Traditional design education may help you generate ideas, refine your craft and populate your portfolio – but if all of that happens in a vacuum, it simply can’t prepare you for the realities of the design industry.
A crucial part of that are the ‘soft’ skills that many courses don’t have the capacity – or the inclination – to teach in a formalised way. The beating heart of any successful design project, these are essential for meaningful interaction and fruitful collaboration with the team, and with the client.
According to James Greenfield, co-founder and creative director at Koto, those critical skills are too often overlooked within the training and development process. “We all assume that people know about them, but my experience is that they don’t,” he says. “Even people who have been in the industry for a while tend to de-prioritise them.”
Responding to such issues, Created Academy takes a more rounded, real-world approach to design education based around short, intensive courses that consider the whole package. “Describing skills as ‘soft’ and ‘hard’ implies that one is better than the other,” reflects its founder and CEO Dom Davenport. “Not the case. They’re essential human skills.”
Communication is key
Davenport earned his chops in the creative education space, having previously co-founded Escape Studios in 2002 to deliver focussed training in the fields of VFX and 3D animation. “When I started out as an artist, the skills missing were clearly technical,” he recalls.
“Now software is democratised; more of a commodity,” he continues. “A great portfolio is very important, but it’s a big shock when people enter the workplace how different it is from their experience of education.”
Before starting Created Academy, Davenport and his team conducted extensive industry interviews to gauge the skills most in demand, and the gaps that need filling. Alongside the practical skills needed to do the job, professional skills such as communication and collaboration came up repeatedly.
Created Academy’s approach is to work with industry partners, such as Koto, to emulate the real world as closely as possible, putting such skills to the test in context. Projects are either based on a live job that an agency has completed or closely simulate their working practices.
Space to adapt and thrive
According to Greenfield, one of the biggest issues that Koto faces is giving new hires the time and space to adjust to different ways of working. “You should never assume that other agencies operate with a similar approach, or have a similar ecosystem,” he advises.
Flexibility and adaptability are invaluable soft skills to thrive in a fast-changing industry, skills that Greenfield points out may come more easily to entry-level hires. “They have less experience, and lots of things are new, but their minds are also more open,” he says. “More senior people often have a more fixed idea of the ‘right’ and ‘wrong’ way.”
Greenfield advocates a ‘100 Days of Listening’ approach, in which new hires are encouraged to leave any preconceptions at the door and make the time to observe and learn from their new environment. “When people come in all guns blazing, it can cause issues,” he adds. “We don’t hire egos here.”
The pandemic has accelerated the need for remote collaboration, reducing the opportunity for such observational learning. “There’s no downtime where people just hang out,” says Davenport. “That informal, relaxed way of picking things up – seeing opportunities, seeing things differently – doesn’t exist at the moment. Everything is explicit, and you don’t get those corridor conversations, or things that allow you to get better at what you do.”
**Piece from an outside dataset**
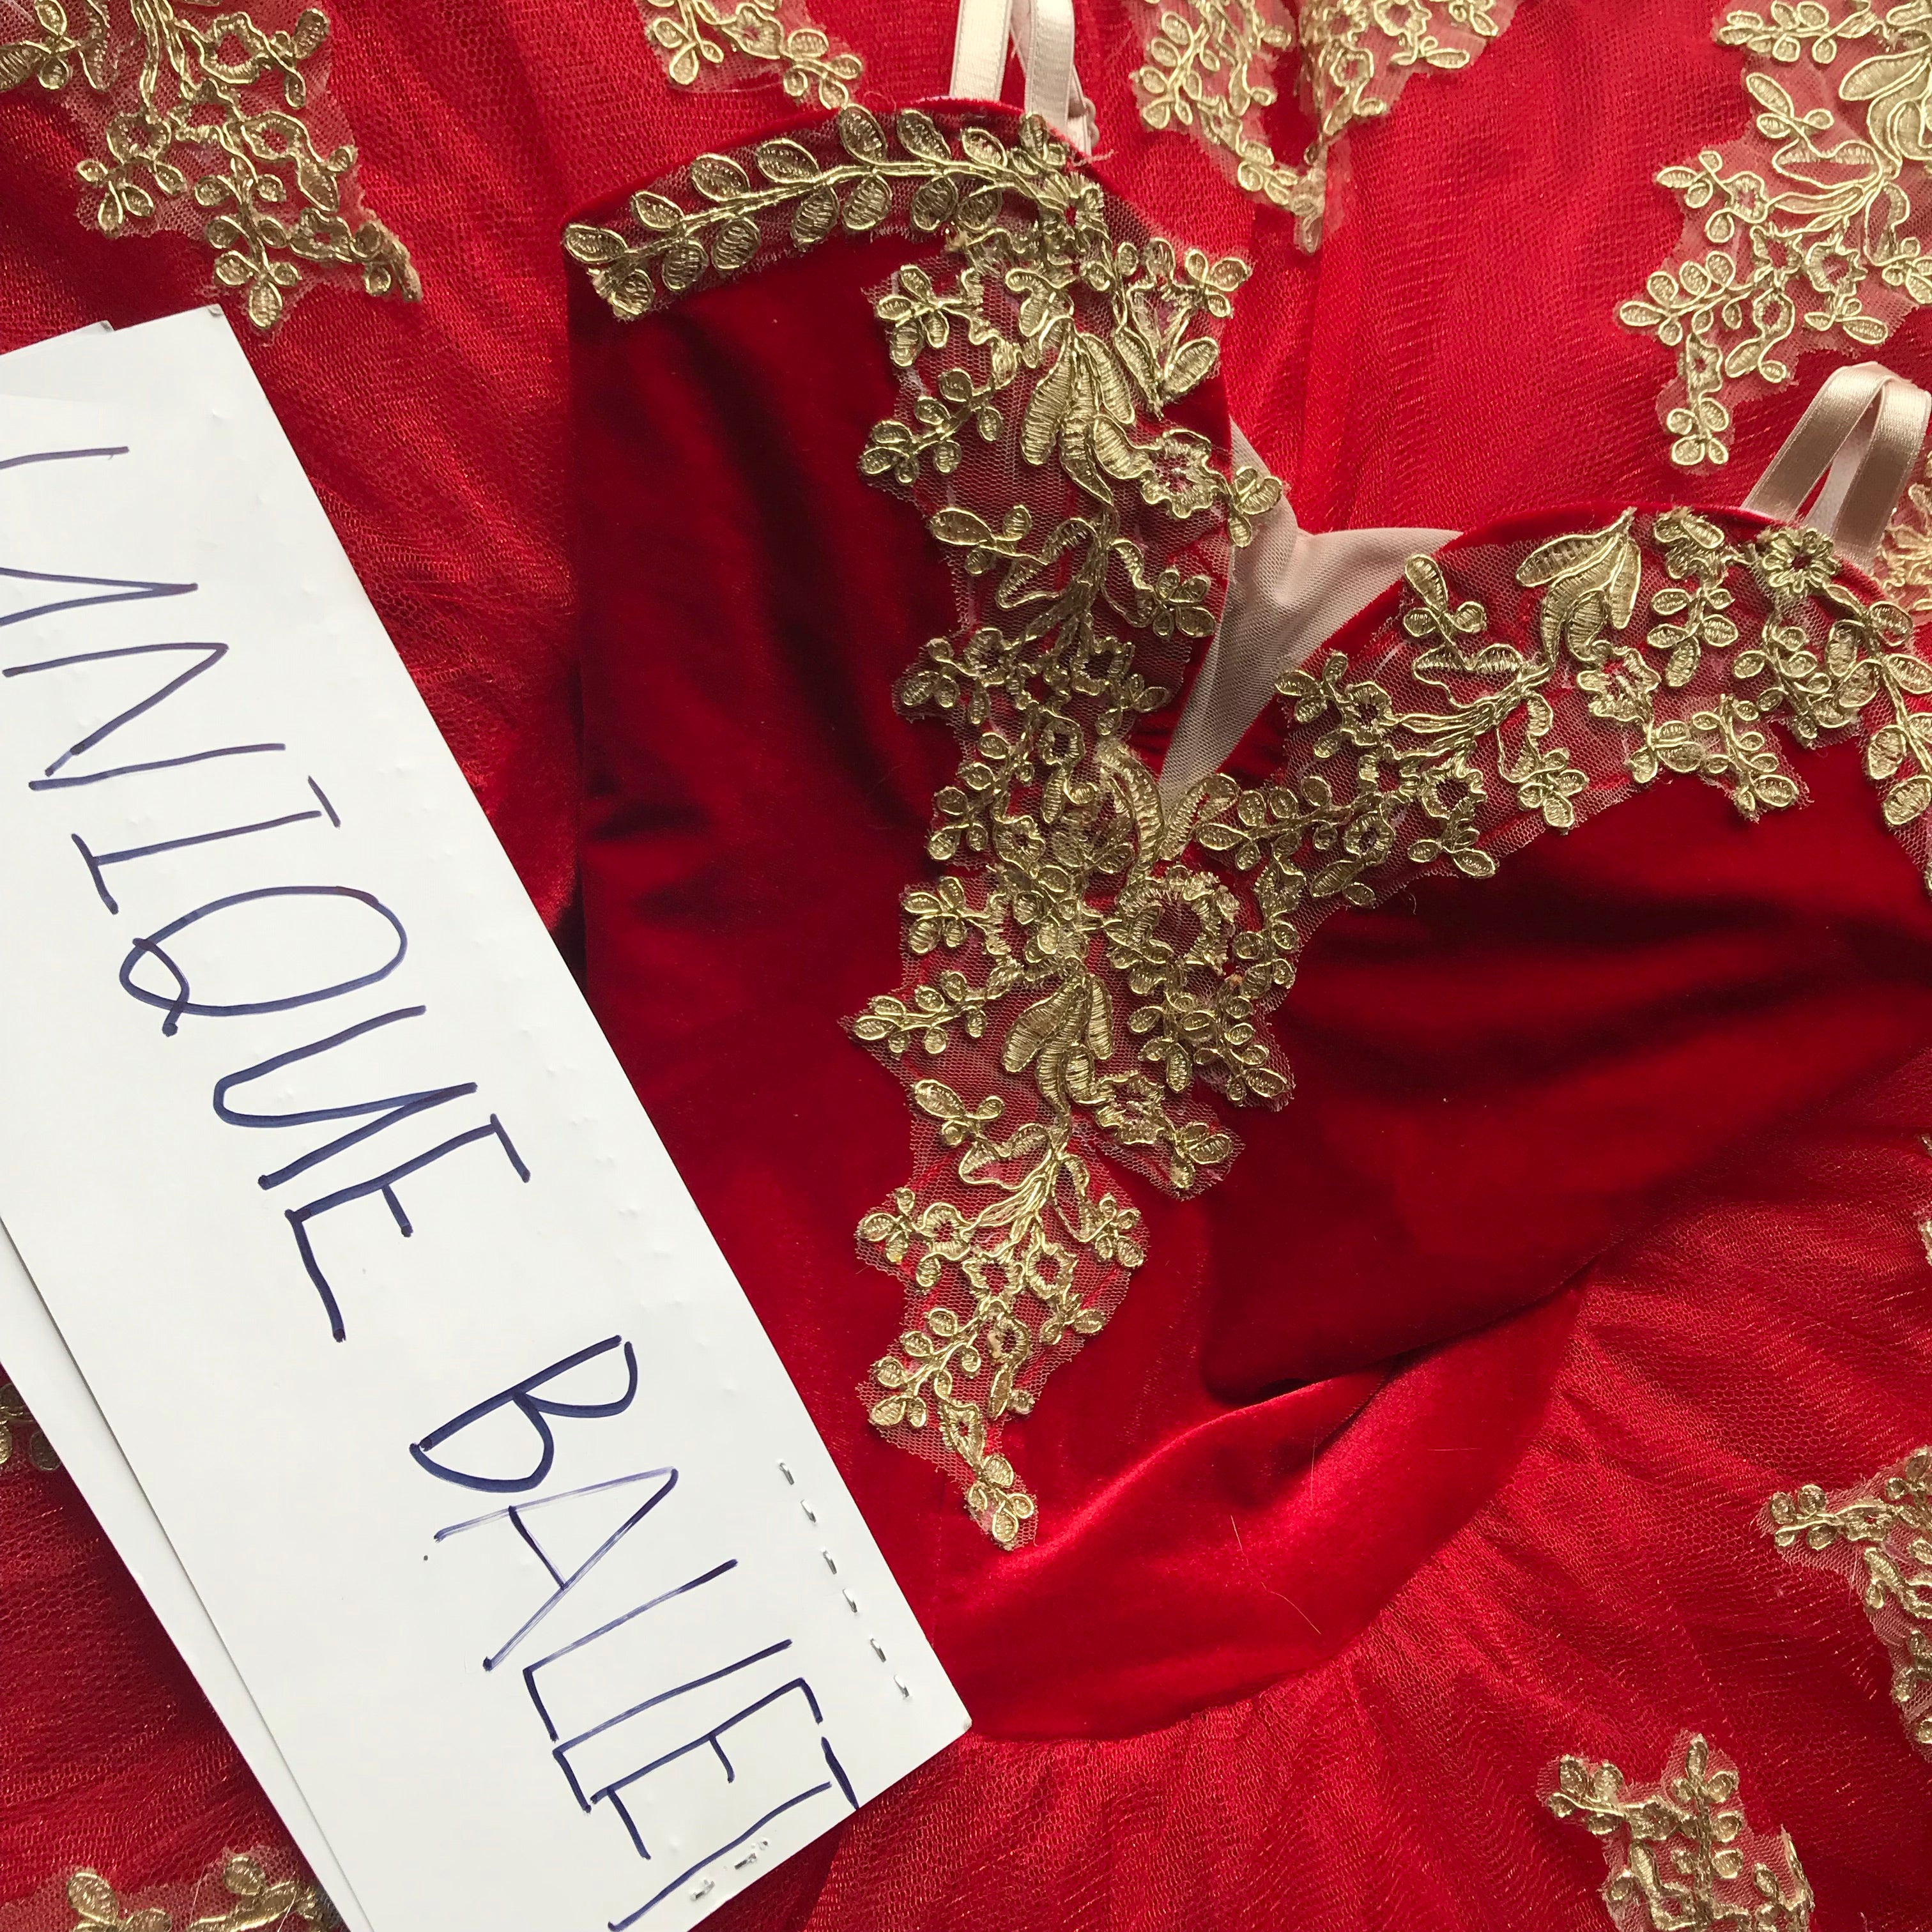 Cost-Effective Red Golden Trims Heart Queen Classic Ballet TuTu Costume

By moving soft skills up the priority list, says Greenfield, we can help every individual adapt more easily to such challenges – and unlock the potential of neurodiversity teams in the process. “People think about their approach to work in different ways, but they don’t necessarily communicate that,” he adds. “If they don’t acknowledge the different approaches involved it can be a source of great frustration.”
Gain a fresh perspective
Every team has its own particular balance of extraverted and introverted individuals: “People who speak to think, and people who think to speak,” as Greenfield puts it. “Some have an innate ability to see patterns, connect and empathise. Others find that hard,” he adds. “Soft skills can help overcome those opposing views. Neither is right or wrong, but they must work together.”
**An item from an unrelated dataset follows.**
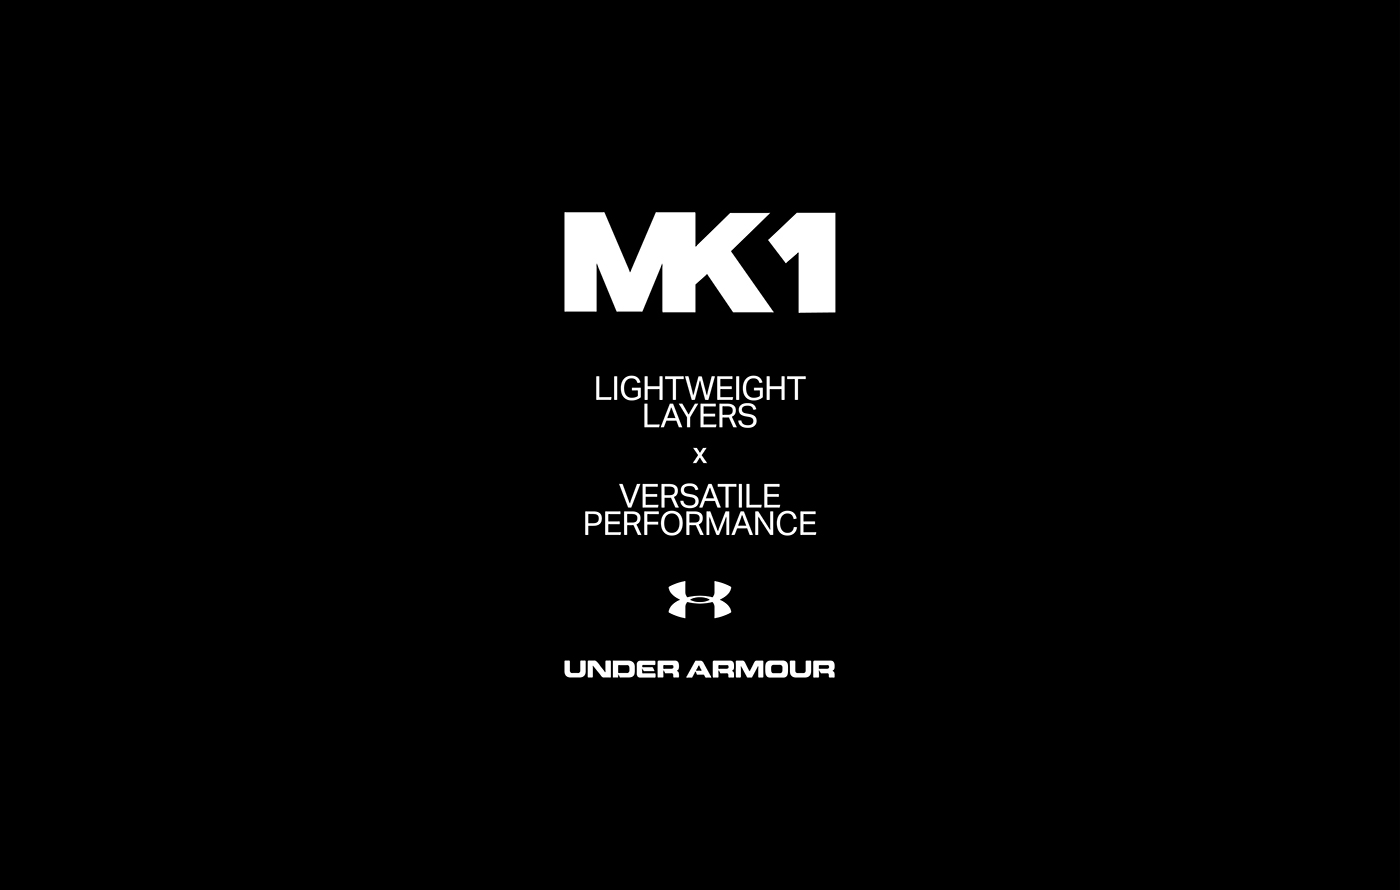 Under Armour mk1 jake galloway SCAD type font Nike adidas kith supreme

While some more enlightened organisations are ahead of the curve with their own internal mentoring schemes and support initiatives to help hone soft skills on the job, the constant commercial pressure of the industry make them the exception rather than the rule.
“In a stressful environment, it can be tempting for agencies to hire more experienced people, which makes it harder and harder for those new to the industry,” suggests Davenport. “There aren’t the resources or the time to train people up properly.”
The skills required to write about and present your work in a compelling way are particularly lacking, adds Greenfield. “We spend endless time honing our creative skills, so soft skills play second fiddle. But talking about what you’re doing and why you’re doing it – and working in a team environment – is as important as the work itself.”
“Nobody ever teaches you how to develop your own leadership style, or how to develop your emotional intelligence and harness it in the workplace,” concludes Davenport. “If you know more about who you are, what makes you tick, and how those things apply to your working life it’s incredibly powerful.”